Nil desperandum ...  For that money, if it's a watch with a working Omega movement in it could be a lot worse, it's attractive and if it's a franken, I've seen a lot worse. Let's be honest it would make a nice dress watch and your non WIS friends would never know...


----------



## andrew91 (Jul 11, 2013)

Changed my mind again! I'm just going to ask for pictures of the movement - seek the opinion of those on here and see what the consensus is. I just think it's such a beautiful watch.


----------



## Deco (Feb 15, 2011)

Should you not have asked these questions of the seller before you bought?


----------



## AVO (Nov 18, 2012)

I'd keep your money if you can and look for something else.


----------



## andrew91 (Jul 11, 2013)

Deco said:


> Should you not have asked these questions of the seller before you bought?
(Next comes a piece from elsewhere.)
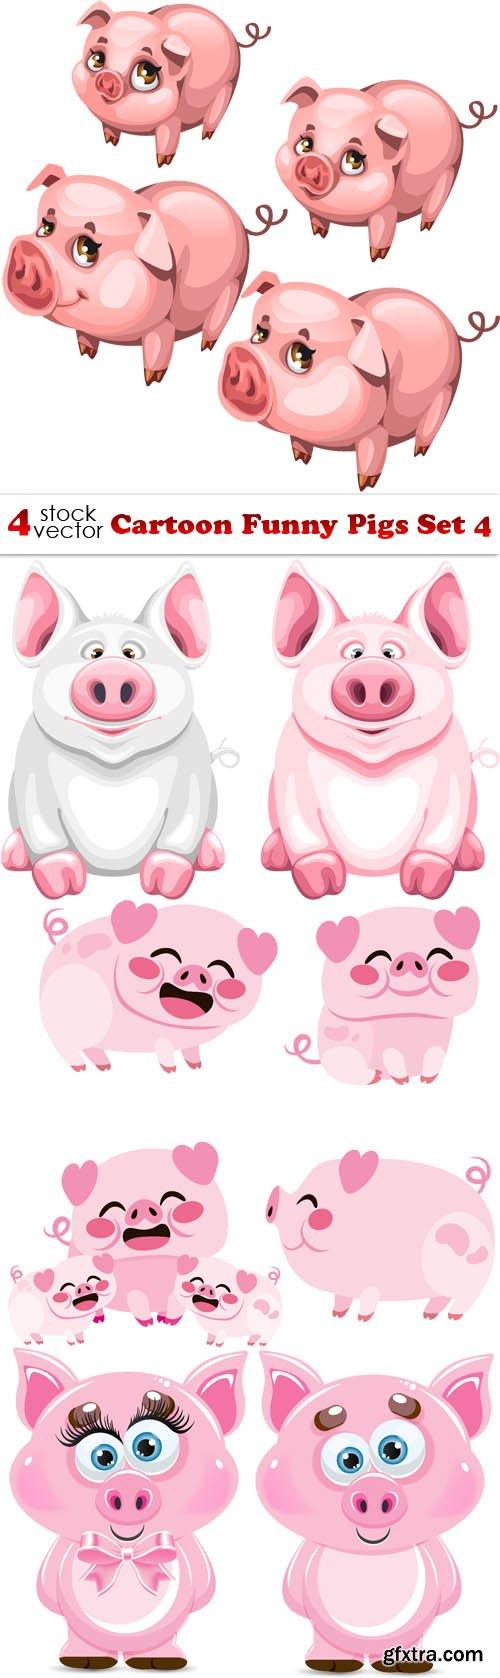 Vectors - Cartoon Funny Pigs Set 4
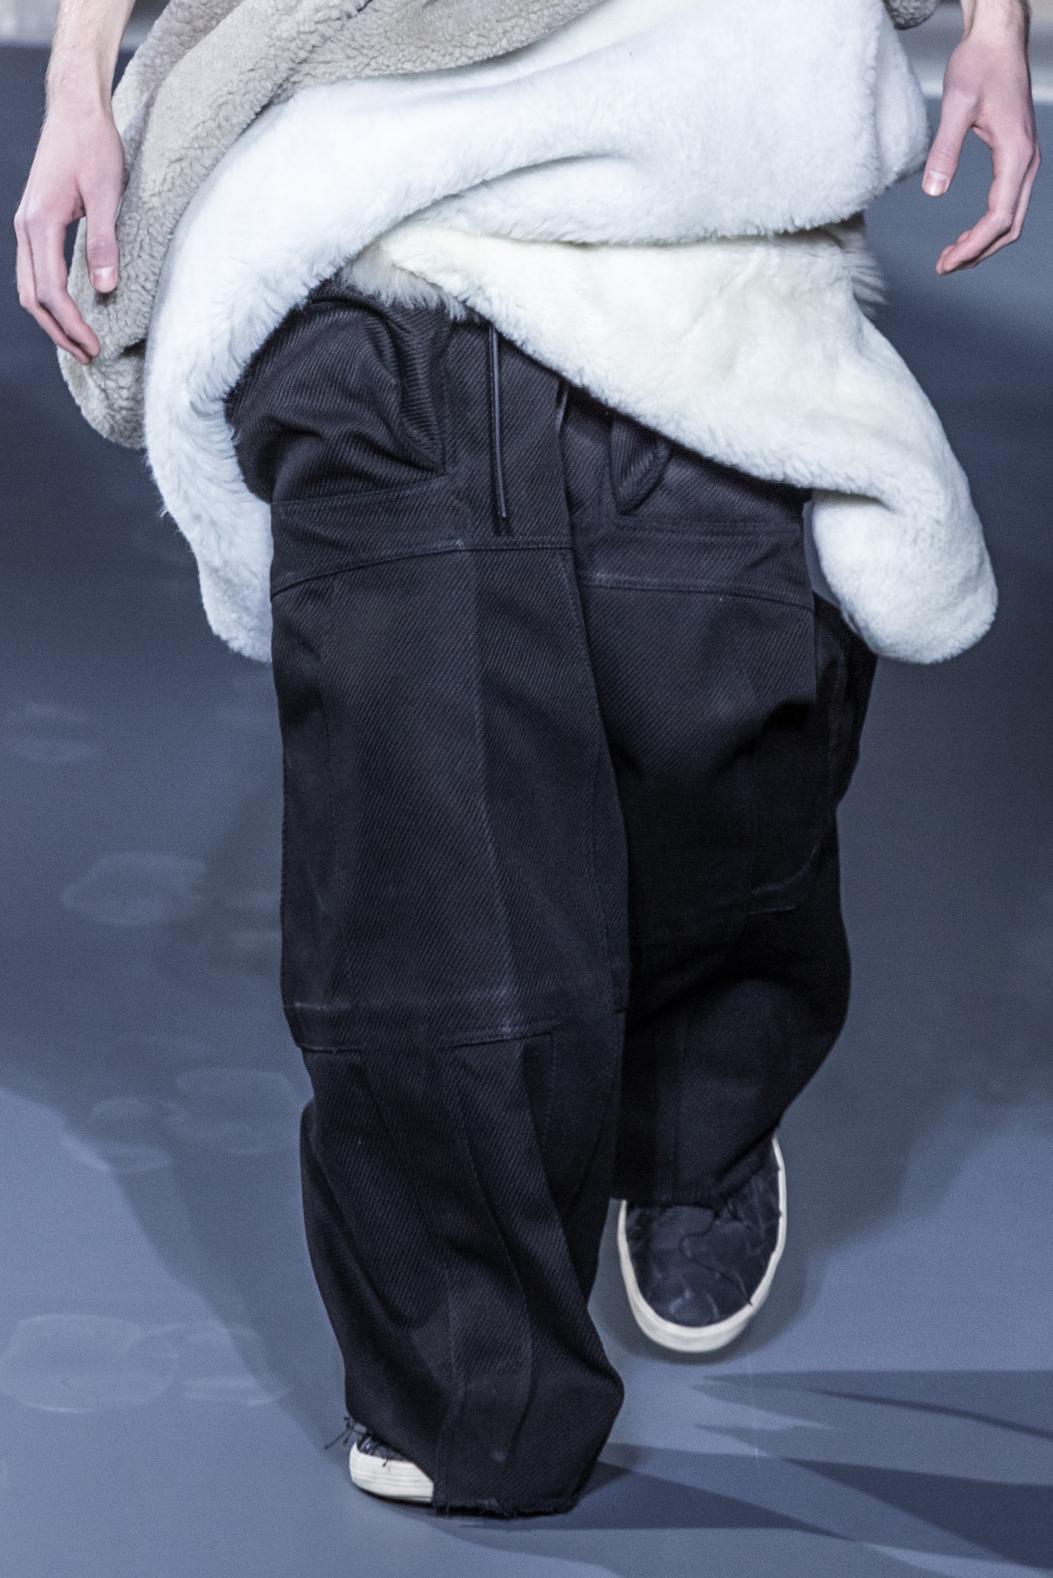 Original look 4 pants

Yes but l bid on it last night after a night out in town so not much thought when into the purchase.


----------



## artistmike (May 13, 2006)

andrew91 said:


> Yes but l bid on it last night after a night out in town so not much thought when into the purchase.


  Been there done that......


----------



## chris.ph (Dec 29, 2011)

as above lol


----------



## greasemonk (Oct 4, 2012)

me too.....


----------



## frogspawn (Jun 20, 2008)

Me to and it's still in the garage...


----------



## Tomcat1960 (Apr 13, 2013)

Honestly - this may serve as an excuse to yourself, but not to the seller. I'd stick with "wrong description", or just pay and be happy. On WUS they stated that it might be a period redial, so "original" by all means and purposes.

I'd stick with the deal, even if I was intoxicated when I did it in the first place. It's just fair ;-)

And it's not like we'd be discussing a marriage here

Regards

Tomcat


----------



## andrew91 (Jul 11, 2013)

Thanks for the help and sorry about all the crap in the photos. I didn't really know how to crop them.


----------



## antony (Dec 28, 2007)

I does'nt sound like you want it.


----------